His career peaked after 1950 when he transferred to Leipzig where the faculty had been attempting to lure him away from Rostock since 1947. Again, he held a professorship and teaching chair in Medieval and Modern History. He held his position at Leipzig in succession to Rudolf Kötzschke who had died in 1949. He established a number of important new initiatives. Along with the professorship, he also inherited from Kötzschke charge of the Regional History Institute ("Landesgeschichtliche Institut") for Saxony. After the individual states ("Lander") were dissolved as separate administrative units in 1952, this became the only surviving regional historical institute of its kinds in the German Democratic Republic. However, following further reorganisation at the university, in 1957 Sproemberg lost his position in charge of it. Other notable contributions included the creation, in 1955, of East Germany's Hanseatic Working Group. Nevertheless, as one of those academics, who also included Ernst Bloch, who resolutely refused to involve themselves in politics or become members of government sponsored quasi-political organisations, he became increasingly vulnerable to attacks. His "Contributions to Belgian-Dutch history" ("Beiträge zur belgisch-niederländischen Geschichte") was rejected for publication as "not Marxist" in 1957 (though it was eventually published two years later).

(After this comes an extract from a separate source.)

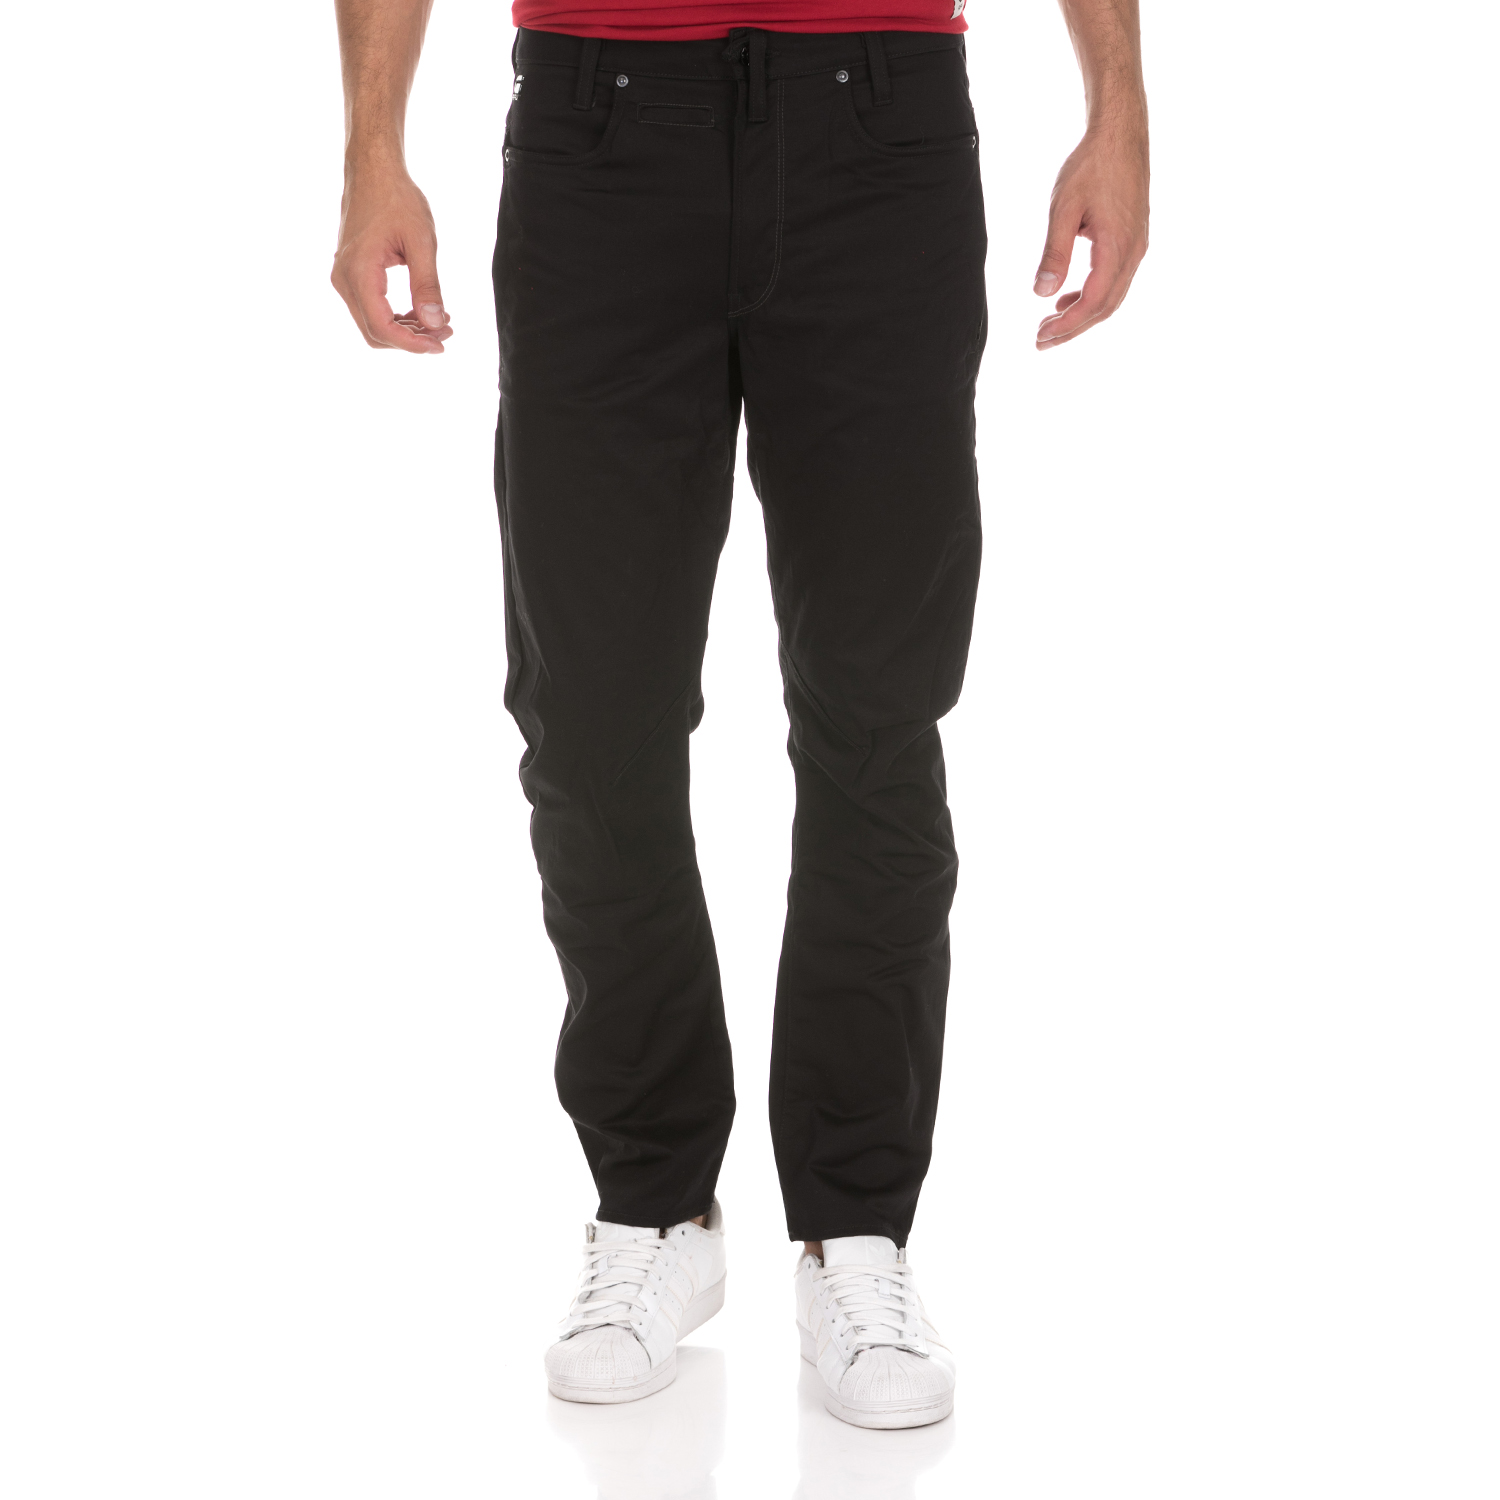 G-STAR RAW - Ανδρικό παντελόνι G-STAR RAW D-Staq 3D Tapered μαύρο Ανδρικά/Ρούχα/Παντελόνια/Φαρδιά Γραμμή

In 1958 Heinrich Sproemberg retired from his university posts.
Celebration
In 1965, the year before he died, the University of Rostock conferred on Sproemberg an honorary doctorate. The accompanying citation described him as "an important researcher of the history of the middle ages, and especially of Hanseatic history, and a supporter of the next generation of academics" ("bedeutender Erforscher der Geschichte des Mittelalters, insbesondere der hansischen Geschichte, Förderer des wissenschaftlichen Nachwuchses").